李仪看着小兰,伸手便将那滴百花酿按在她的眉心,喝道:“世间五味,心中七情!”
小兰被李仪一按,浑身一震,脸上忽然一笑,接着又显出一丝急躁之色,眉头紧紧皱起。灵在心不明所以,却不敢打扰,显然李仪是在施展某种沟通心灵之术。接着,又看见小兰脸色转而露出忧郁之色之后,依次显出沉思、悲伤、恐惧、惊讶等七种情绪。灵在心恍然大悟,小兰灵智尚在懵懂,李先生是在用百花酿之滋味,衍化五味七情,助她开启心窍。

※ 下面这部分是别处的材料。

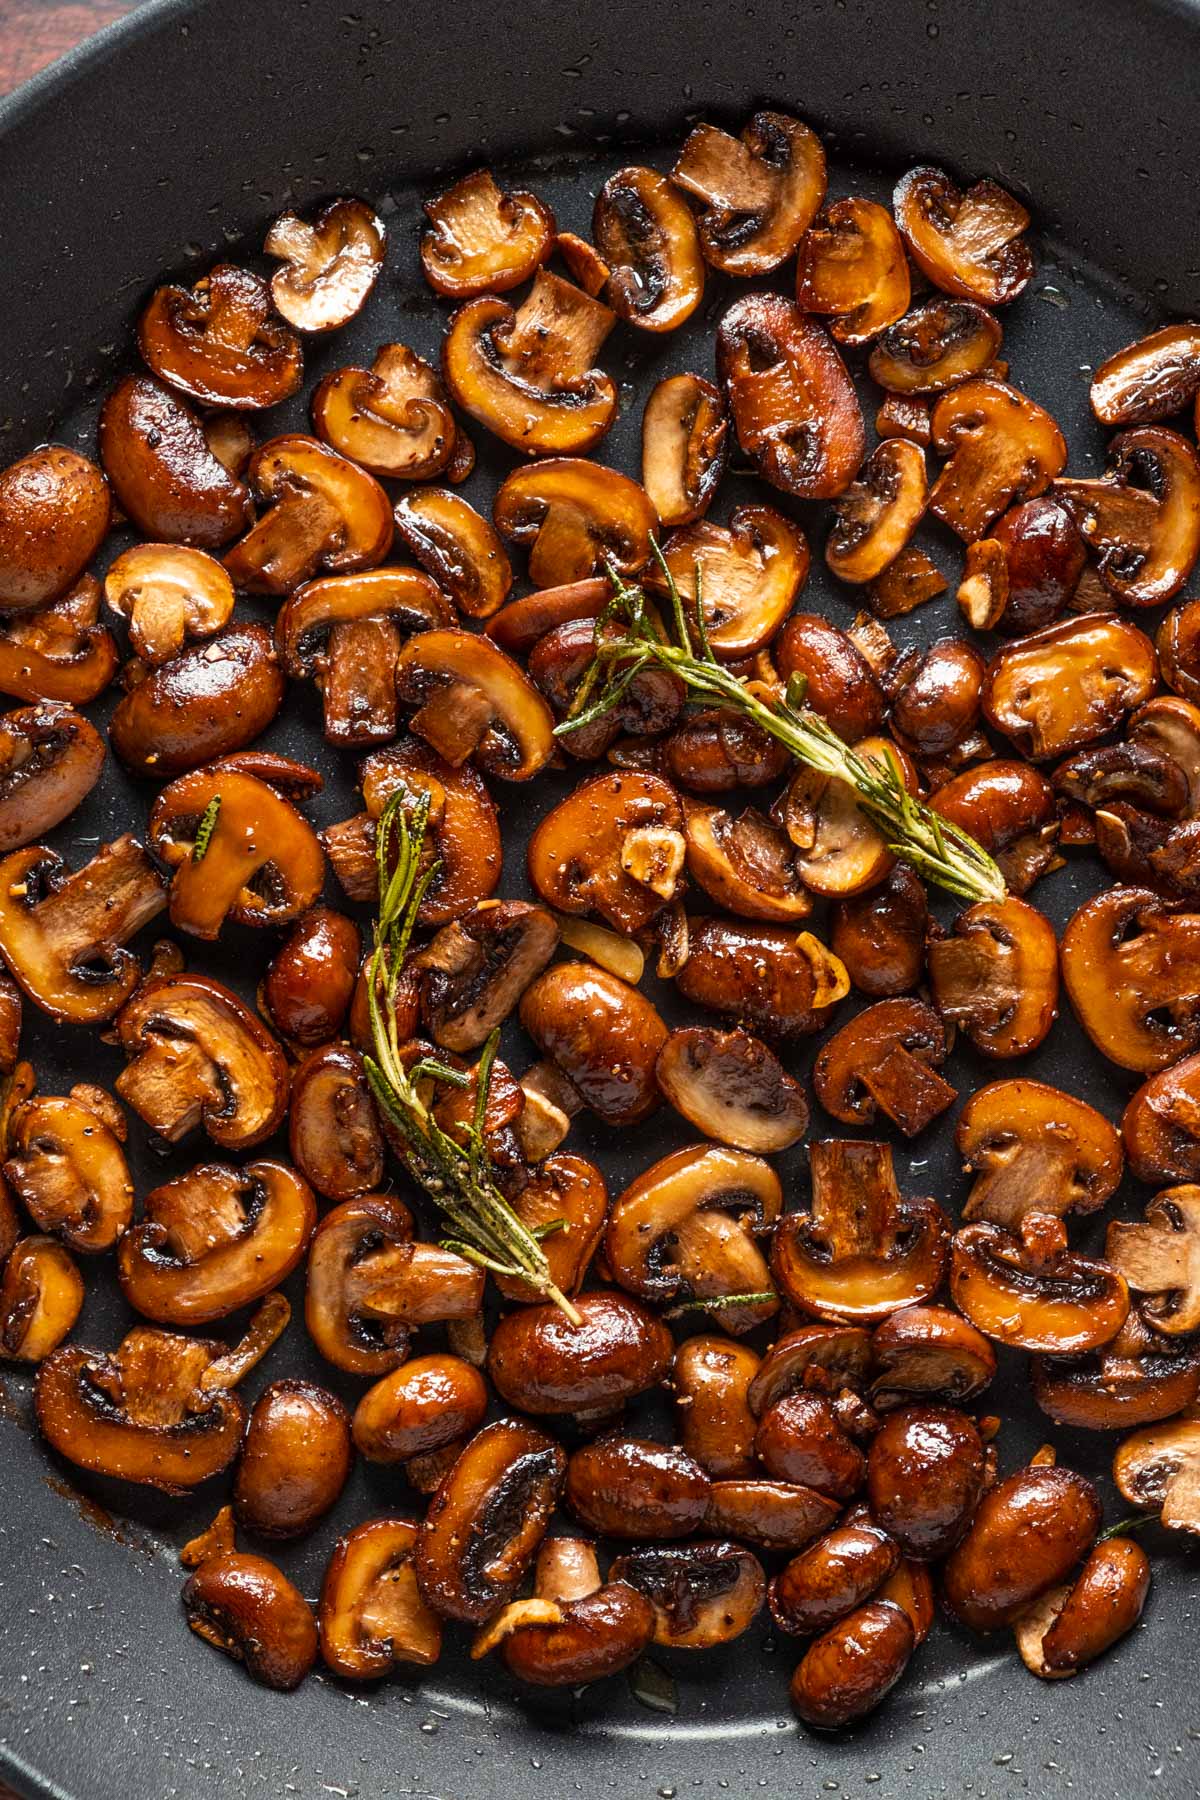 Vegan garlic mushrooms in a skillet with rosemary. 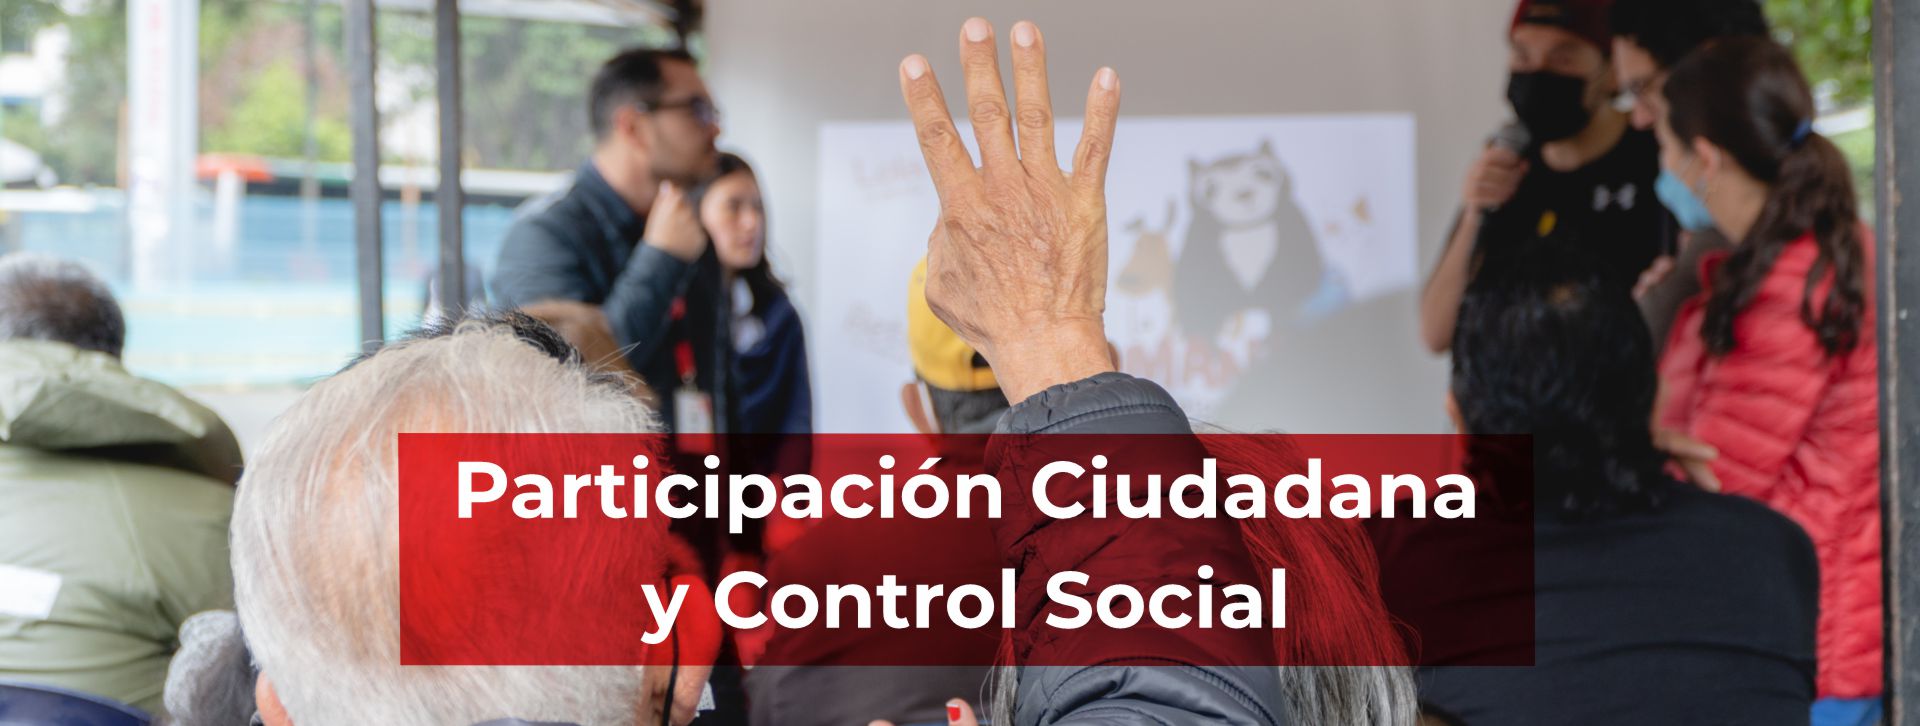 banner participación ciudadana y control social

历经七情,小兰挣扎不已,时而哈哈大笑,时而轻声呜咽,时而撅嘴抽泣,时而眼中布满惊恐。灵在心看在眼里,心中暗暗感叹:“人的七情,大半都是痛苦,让人落泪。真不知是如那些精灵们快快乐乐懵懵懂懂一辈子好,还是像做人一样喜怒忧思悲恐惊,种种苦处都要尝个遍,就好像师父一样,最后落得这般下场,也不知究竟是有什么意义”
她心中暗自感伤,李仪已经收回手指,小兰也安静了下来,此时她的眼中已有一些深沉之色,歪着头看着李仪,双眼扑闪扑闪的,忽然叫道:“姐姐!”
这一声叫的清晰无比,但却是叫错了对象,惹得灵在心大笑不已,李仪竟然也是嘴角露出一丝微笑。灵在心扑过去搂住小兰道:“哎呦,小丫头,你可要乐死姐姐嘛,这是先生,姐姐在这儿呢!一开口就记得叫姐姐,果然姐姐没有白白疼你!”
灵在心搂着小兰笑了一阵,对李仪说道:“先生,在心还有个不情之请,想你为我这个小妹妹赐个名字。”
话音未落,李仪张口就道:“就叫玉帛云吧。”
“玉帛云,玉帛云”灵在心将名字念了两遍,惊喜道:“真是好名字,先生真是厉害。小云,还不快谢谢李先生赐名!”
小兰听灵在心不断叫她玉帛云,也跟着念了一遍,灵在心大加夸赞,又与她嬉闹了好一会儿,这才让人将她带下去了。
两人这才重新落座对谈,灵在心说起向李仪求教神通法术之事,李仪知她所修炼的“生灭枯荣诀”乃是脱胎自道门真阳宗的御日诀,于是详细加以指点。两人谈论良久,灵在心顿时觉得许多疑难迎刃而解,当下拜谢不已,又命人带李仪前往客房休息。
李仪到了客房,见里面只有铺着一张草席,一个蒲团,十分简洁。当下就以蒲团为枕,草席为床,睡了一觉,醒来之时,天已大黑。他走出屋外,只见星光满天,四野一股清新幽谧之草木气息笼罩,舒爽的夜风吹拂脸颊,让他感觉舒适不已。
闲走两步,已到了那‘朝都’木楼附近,李仪手抚一棵古树,脑海中浮现一个人影,就听见风中夹杂一个声音道:“小云,你说先生会不会偷听我们讲话呢?”
李仪一惊,这正是灵在心的声音,身边似乎还有小云。他神通强大,竟然无心之中听见这句话,对方还恰好在说这件事,不由有些尴尬,觉的窃听他人谈话乃是十分无礼,正要离开,又听见灵在心道:“不过李先生是前辈高人,应该不会的。小云,我只对你一个说这个秘密哦,我很喜欢李先生呢!”
听到此,李仪不由愣住了!只听耳边又传来灵在心一阵羞涩的笑声,清晰无比的振动他的耳膜,她道:“不知道为什么,我第一眼看见他就感觉怪怪的。他是修行界十大神通高手之一啊,居然偷偷摸摸跑到大狱渊来钓鱼吃,真是笑死我了。哎呀,差点就把你吃掉了哦,小丫头,你知道吗?”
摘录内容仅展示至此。